Wrestled an angel (or even God himself, depending on the version) to exhaustion.

>> No.56065718

Was that before or after he did >>56027862
it seems like he and Apollo clashed a fair bit.

>> No.56066086

Hercules was killed by a woman.

>> No.56066239

>Not Hector
Haha, no. Only Hector was the worthy soul.

>> No.56066799

Aaaaand we're up and running!

NEW THREAD: >>56066780

>> No.56066842

Oh fug.

Uhhh, wrong thread guys, just ignore this.

Also, Achilles would win, invincibility will do that to you.

>> No.56066924

1: He wasn't invulnerable.
2: Herakles doesn't let little things like invulnerability stop him.

>> No.56067509

That's kinda the point. Each generation of men and therefore humans is closer to the "present".

>> No.56067540

I would like to point out the Nemean Lion was also invulnerable and invincible.

Herakles killed it.

>> No.56067571

An herculean task doesn't need to be one that requires great physical strenght. Just a nearly impossible one.

>> No.56067595

Even granting him the heel invulnerability story which sprung up long after his myth, Herc would easily overpower Achilles and shatter his weapons and basically manhandle the poor lad.
And Herc isn't an idiot and has dealt with invincible foes before. He'd strangle Achilles out, or drown him, or claw at every inch of him until he tears open his heel and pours in some hydra venom.

>> No.56067636

>Though I dont know why all modern media doesnt have Hektor flee in the titanic fight.
Because it would be extremely unclimatic and make Hektor look like a fag, which in turn makes Achilles deed less glorious?

>> No.56067740
File: 29 KB, 680x383, 1507364272472.jpg [View same] [iqdb] [saucenao] [google] [report]


>> No.56067819

Assuming they're fighting, Achilles. His whole shtick is that he's the greatest warrior. Wrestling or physical feats would be a different matter.

>> No.56068082

He kicked a spear UP THEIR ANUS

>> No.56068176

He murdered an army with a single spear throw. Then later murdered an army with his bare hands while being so angry his eyes were literally falling out of their sockets.

He's high tier, but not Poo-tier

>> No.56070646


You have Captain Diomedes.

>> No.56072925


Actually Achilles having unpierceable skin was only added in in later retellings of the story, originally he's just really badass.

He actually fights a mechanically similar enemy in the form of the trojan river god Scamander, who tries to stop him from killing Hector. Scamander was only a lesser god, but he was a god none the less and was the only opponent who was just plain faster than Achilles, on top of wielding a cane the size of a tree. They fought 3 times and Scamander basically kicked Achilles ass but just couldn't kill him on account of his hate boner letting him will through the blows of a literal god.
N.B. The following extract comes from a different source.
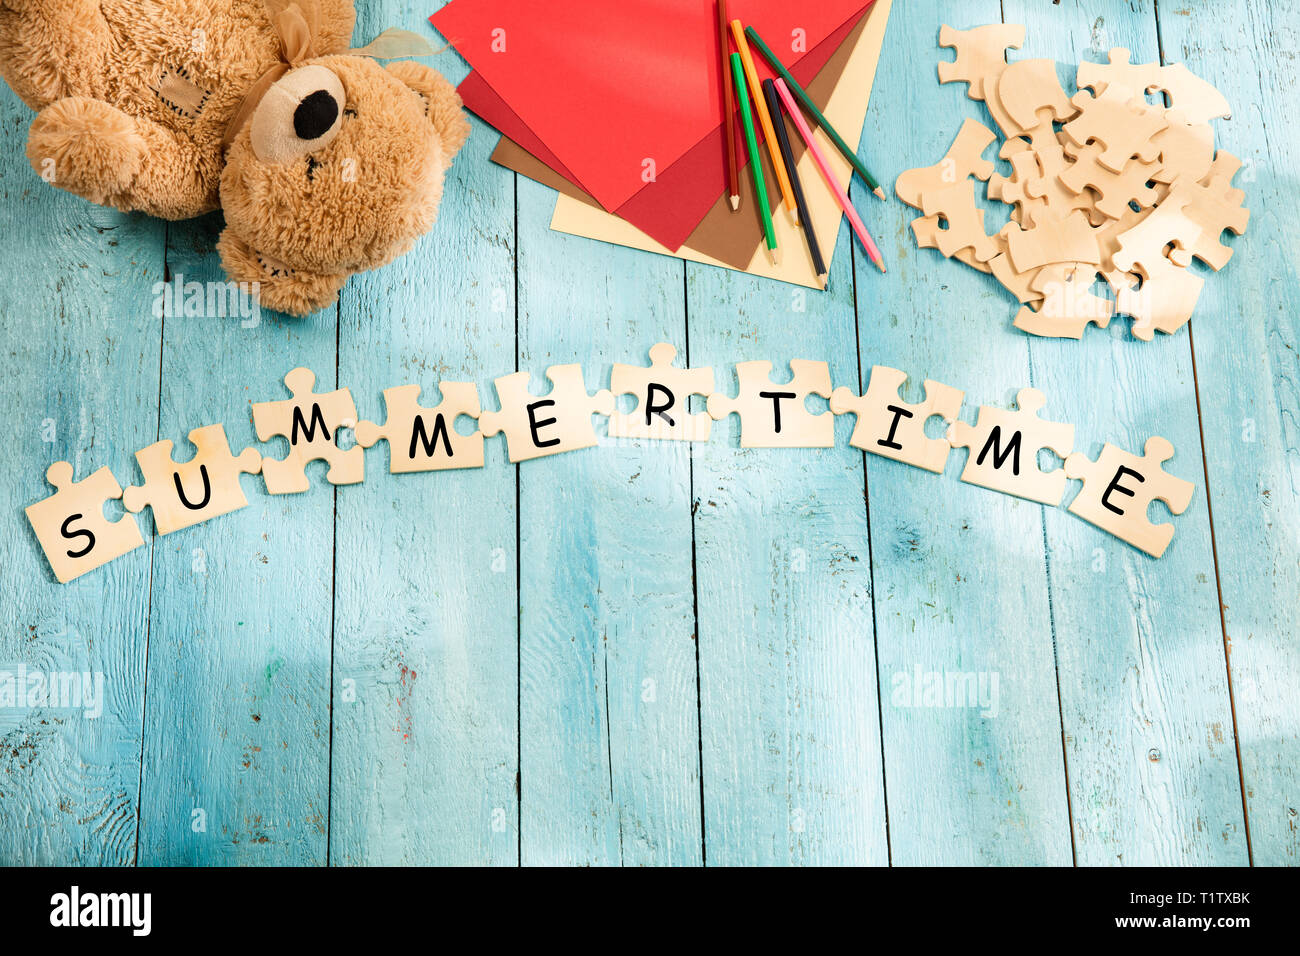 Stationery and words SUMMER TIME made of letters, mock up and pieces of puzzles on wooden background. Travel concept. Summer vacation concepts. Stock Photo

Eventually (and possibly with the help of one or more gods, depending on the version) He comes up with a plan to defeat Scamander which basically just boils down to pretending to loose his balance at a critical moment and bait Scamander in and then gutting him super hard when he got too close.

Long story short, Achilles manages to put a living god out of commission for the later half of the Trojan war through quick thinking and heroic will power.

>> No.56072997

Why are even arguing? Mars perfectly describes Romans and they try to emulate him. Do note Mars has the agriculture and civilization domains to him, making him a Warrior, a Protector an a god of the Living, while the Greek Ares was just a wargod.

Mars would curbstomp Athena just as Rome curb stomped the Greeks and the Seleucids.

>> No.56073049


He's a normal, if skilled, man fighting a demigod who leaves blood red murder canyons everytime he takes the field. He's allowed to be scared.

Also the whole deal by that point is that it isn't glorious. Achilles is motivated pretty much solely by rage and sorrow at that point, any pretense of being heroic is out the window in the name of cold revenge.

If modern media actually made the focus about the Tragedy of these great heroes rather than just trying to make "epic" fight scenes, it could work.

>> No.56073620

No, he "made" them by pushing Africa and Europe apart and letting the ocean in to create the Mediterranean sea.

>> No.56074667

>Clinging to him like he's some type of savior.
Well, you know all the later stories about Herakles and the Argonauts? He's fucking Superman with the whole Justice League going around on a boat.